Zespół naukowców z Uniwersytetu Sztokholmskiego zdołał odzyskać informacje genetyczne dotyczące bakterii obecnych w mamutach stepowych, które żyły ponad milion lat temu. Badanie, opublikowane w czasopiśmie Cell, koncentruje się na uzyskaniu najstarszego DNA mikroorganizmów związanego z gospodarzem, co stanowi osiągnięcie dostarczające danych na temat ewolucji bakterii.
Wyniki pozwalają analizować nie tylko genom tych wymarłych zwierząt, ale także społeczności mikroorganizmów, które współistniały z nimi, oferując unikalny zapis. Informacje te mogą pomóc w zrozumieniu, w jaki sposób mikroorganizmy wpłynęły na zdrowie i wymarcie megafauny plejstoceńskiej.

W jaki sposób znaleziono najstarszy znany DNA mikroorganizmów?
Naukowcy zbadali 483 szczątki mamutów, w tym zęby, kły i kości, których wiek sięgał nawet 1,1 miliona lat. Większość tych próbek nigdy wcześniej nie była analizowana.
Dzięki zaawansowanym metodom genomiki i bioinformatyki zespół był w stanie odróżnić mikroby, które były częścią mikrobiomu mamutów, od tych, które skolonizowały szczątki po ich śmierci.
Wśród znalezisk zidentyfikowano sześć grup bakterii, które wykazywały stały związek z mamutami. Niektóre z tych mikroorganizmów są spokrewnione z znanymi obecnie rodzajami, takimi jak Actinobacillus, Pasteurella, Streptococcus i Erysipelothrix.
Częściowa rekonstrukcja ich genomów pozwoliła udokumentować najstarszy DNA mikroorganizmów, jaki kiedykolwiek odzyskano od zwierzęcego gospodarza.
Znaczenie tych mikroorganizmów dla zdrowia i ewolucji mamutów
Obecność tych mikroorganizmów rodzi pytania o możliwy wpływ bakterii na życie i zdrowie mamutów. Na przykład bakteria spokrewniona z Pasteurella jest obecnie powiązana z śmiertelnymi epidemiami wśród afrykańskich słoni, żyjących krewnych mamutów. Sugeruje to, że zwierzęta te mogły być podatne na podobne infekcje.
Chociaż degradacja DNA utrudnia określenie dokładnego wpływu tych bakterii, dowody wskazują, że niektóre liniami mikrobiologicznymi współistniały z mamutami przez setki tysięcy lat. Odkrycie to dostarcza informacji na temat tego, jak mikroorganizmy mogły wpływać na adaptację, odporność na choroby i ostatecznie na wyginięcie gatunku.
Genomy mikroorganizmów ewoluują szybko, co utrudnia badanie dawnych gatunków. Według naukowców uzyskanie wiarygodnych danych DNA sprzed ponad miliona lat wymagało analizy skrajnie zdegradowanych fragmentów i porównania ich z współczesnymi krewnymi bakterii.

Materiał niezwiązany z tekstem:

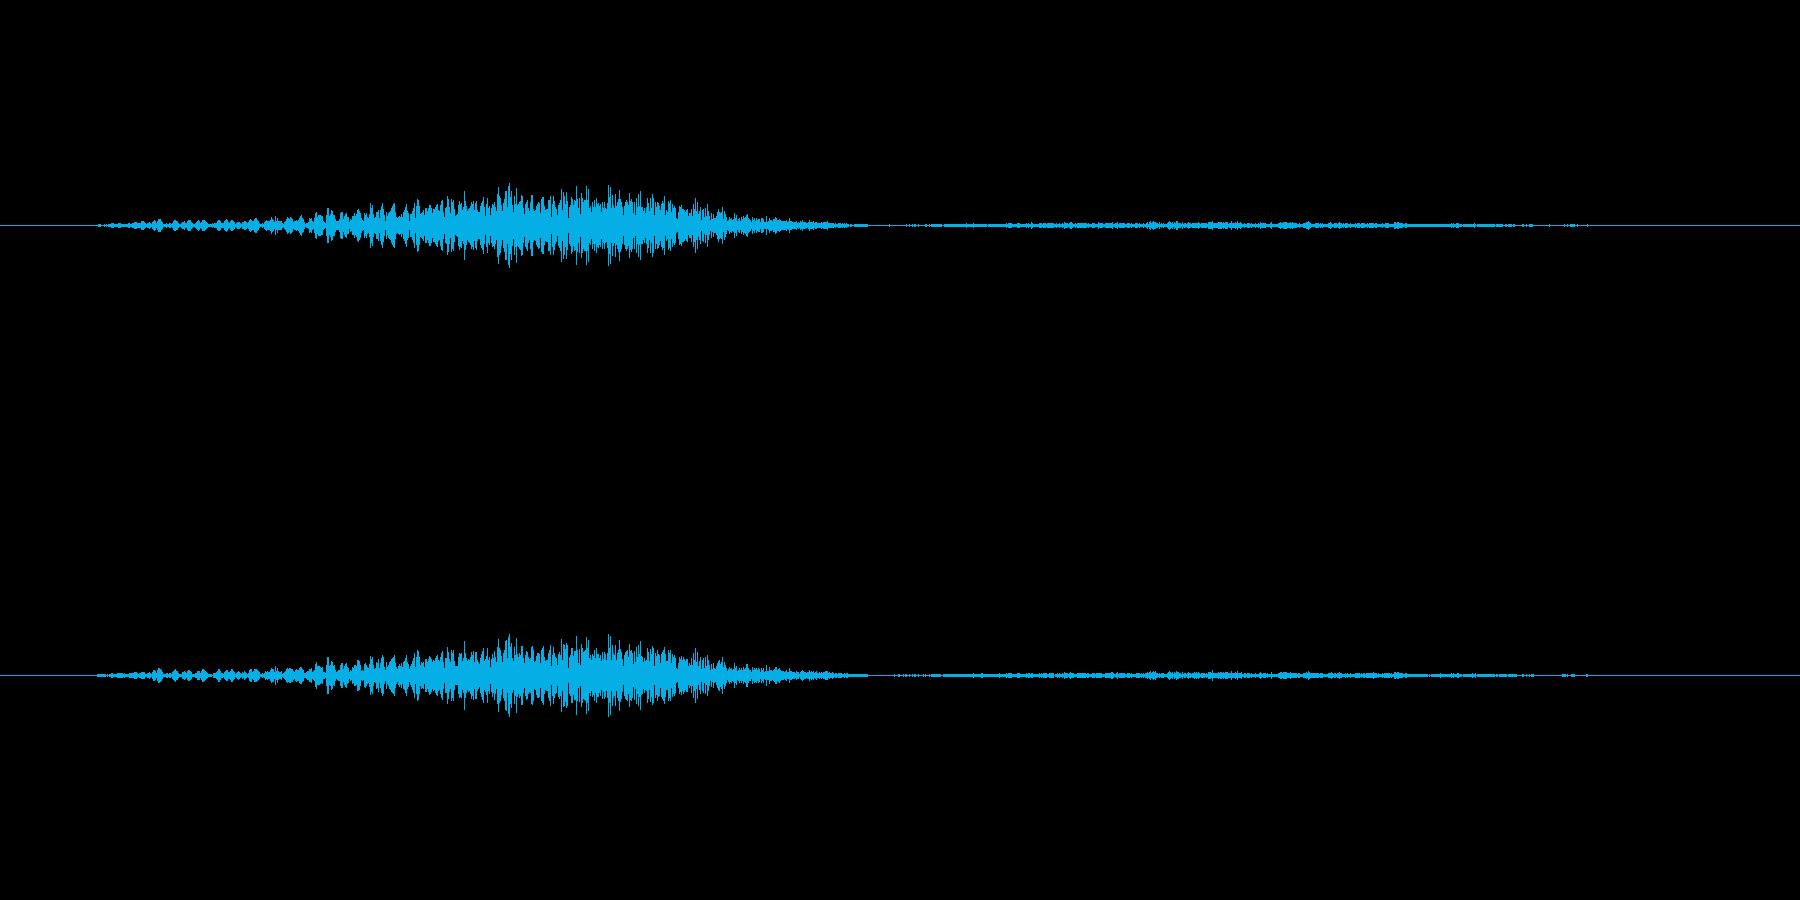 【子供の戦闘ボイス】ぐっ……!(復帰)の再生済みの波形

Odkrycia pokazują, że niektóre linie mikrobiologiczne przetrwały przez długie okresy i obejmowały różne obszary geograficzne, od ponad miliona lat do ostatnich mamutów włochatych na wyspie Wrangel około 4000 lat temu. Wskazuje to, że niektóre relacje między żywicielami a mikroorganizmami pozostawały stabilne w czasie.

Otwierają się drzwi dla paleomikrobiologii
Odkrycie najstarszego DNA mikroorganizmów otwiera drzwi do badań wykraczających poza genom mamutów. Teraz możliwe jest badanie ich mikrobiomów, uzyskując informacje na temat chorób, adaptacji i ekologii wymarłych mikroorganizmów.

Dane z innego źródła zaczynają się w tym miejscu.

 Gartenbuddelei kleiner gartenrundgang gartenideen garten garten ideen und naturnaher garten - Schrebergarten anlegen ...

Podejście to pozwala zbadać, w jaki sposób mikroorganizmy mogły wpływać na życie i wymieranie megafauny, dostarczając danych uzupełniających tradycyjną paleogenetykę skupioną na DNA gospodarza.

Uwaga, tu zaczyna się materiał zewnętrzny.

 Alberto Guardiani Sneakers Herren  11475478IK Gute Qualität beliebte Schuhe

Jednocześnie postępy w sekwencjonowaniu i analizie bioinformatycznej ułatwiają częściową rekonstrukcję dawnych mikroorganizmów, chociaż możliwość ich wskrzeszenia pozostaje obecnie poza zasięgiem ze względu na fragmentację DNA.
Wreszcie należy podkreślić, że badania te stanowią punkt odniesienia dla porównania ewolucji mikroorganizmów u wymarłych gatunków i ich żyjących krewnych, takich jak słonie afrykańskie i azjatyckie.